Galactosemia is a rare recessive disorder caused by the deficiency of galactose- 1 -phosphate uridylyltransferase, leading to the accumulation of toxic levels of galactitol in the blood. It leads to a \(75 \%\) mortality rate in infants as infants cannot metabolize galactose from breast milk. In many countries, newborns are given a heel prick test to measure the levels of metabolic enzymes. As a genetic counselor, how would you explain to a couple whose baby has tested positive for galactosemia where the disease has come from?

Recessive genetic disorders, such as galactosemia, occur when a child inherits two copies of a faulty gene, one from each parent. Each parent is typically a 'carrier', possessing one copy of the altered gene (recessive) and one normal gene (dominant). Carriers usually do not show any symptoms because the normal gene is enough to compensate for the faulty one. However, when two carriers have a child, there is a possibility that the child will receive both recessive genes, leading to the expression of the disorder.
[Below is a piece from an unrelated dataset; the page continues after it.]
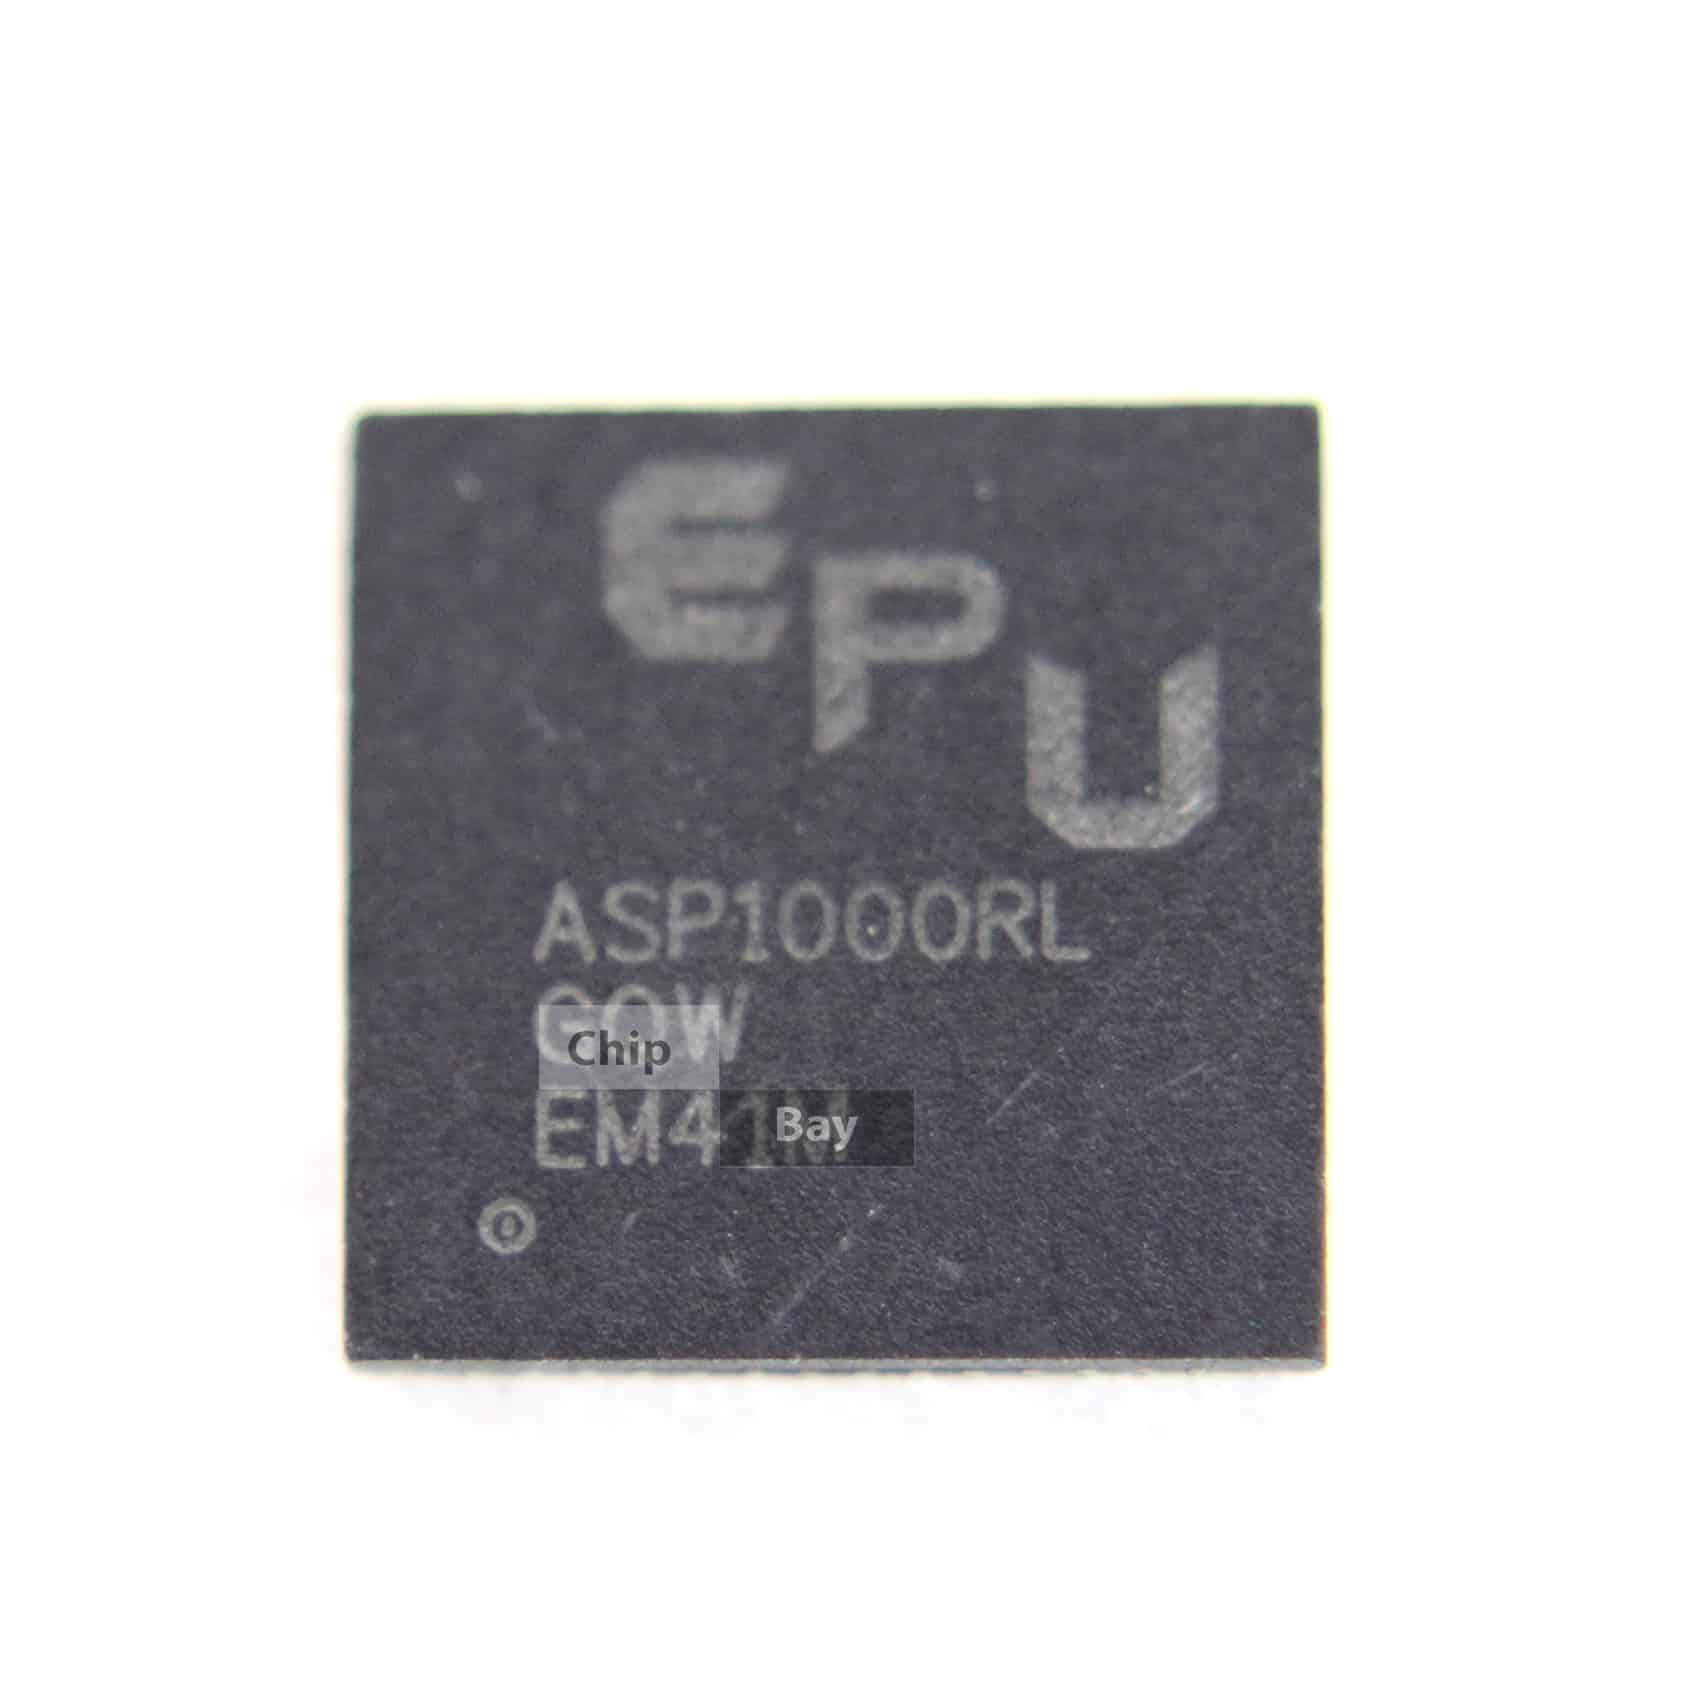 1x A5P1405I ASPI405I ASP14O5I ASP140SI ASP14051 ASP 1405I ASP1405I QFN56 IC Chip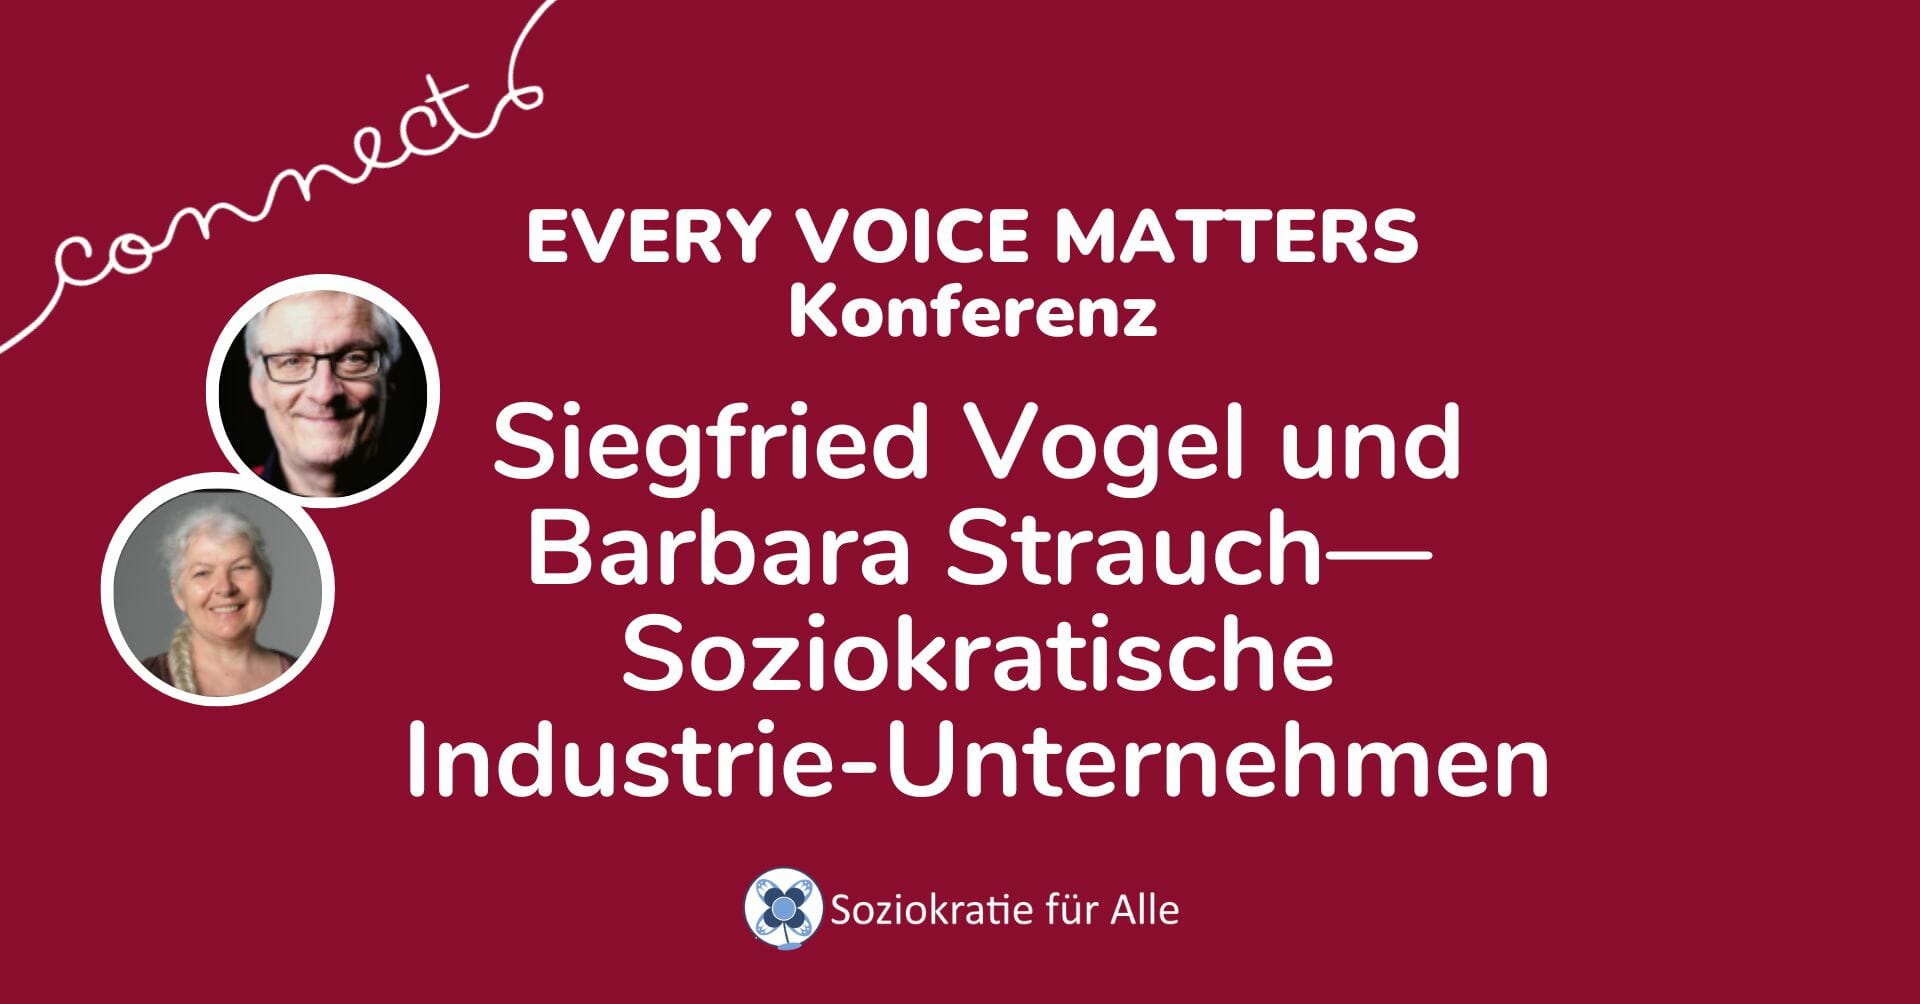 Siegfried Vogel und Barbara Strauch—Soziokratische Industrie-Unternehmen

In galactosemia, specifically, the recessive gene causes a deficiency in galactose-1-phosphate uridylyltransferase, an enzyme crucial for metabolizing galactose properly. Without this enzyme, toxic substances build up in the body, causing serious health issues. Understanding this inheritance pattern is crucial for parents to grasp their risks for future pregnancies and genetic counseling can provide insight on how to manage or mitigate this risk.

A Punnett square is a simple graphical way to display all possible genetic combinations from two parents. It's especially useful to predict the likelihood of an offspring having a certain genotype, particularly in the case of recessive genetic disorders such as galactosemia. Each box within the Punnett square represents a possible genetic outcome for the child, with the letters symbolizing the alleles from each parent. For instance, 'G' might represent a normal allele and 'g' a faulty one.

When two carriers (Gg) have children, the Punnett square shows the probability of each genotype: GG (normal), Gg (carrier), and gg (affected by the disorder). Specifically, the chance is 25% for an affected child (gg), 50% for a carrier (Gg), and 25% for a child without the faulty gene (GG). By using this tool, genetic counselors can help couples understand the genetic risks and consider their reproductive options, including genetic testing, before or during pregnancy.

Galactose-1-phosphate uridylyltransferase deficiency is the genetic error at the heart of galactosemia. This enzyme is responsible for converting galactose, a sugar found in milk (including breast milk), into glucose for the body to use as energy. When this enzyme is deficient or nonfunctional due to a mutated gene, the body cannot properly process galactose. As a result, toxic substances, including galactitol, accumulate in the blood, leading to liver damage, intellectual disability, and even death if not treated. Newborn screening programs aim to detect this deficiency early to manage it through dietary restrictions and other interventions.

The critical aspect of managing this deficiency is strict avoidance of lactose-containing foods, which prevents the harmful buildup of galactose and its metabolites. Families with an affected child may benefit from genetic counseling to understand the disease and receive guidance on how to care for an affected child and prepare for future pregnancies.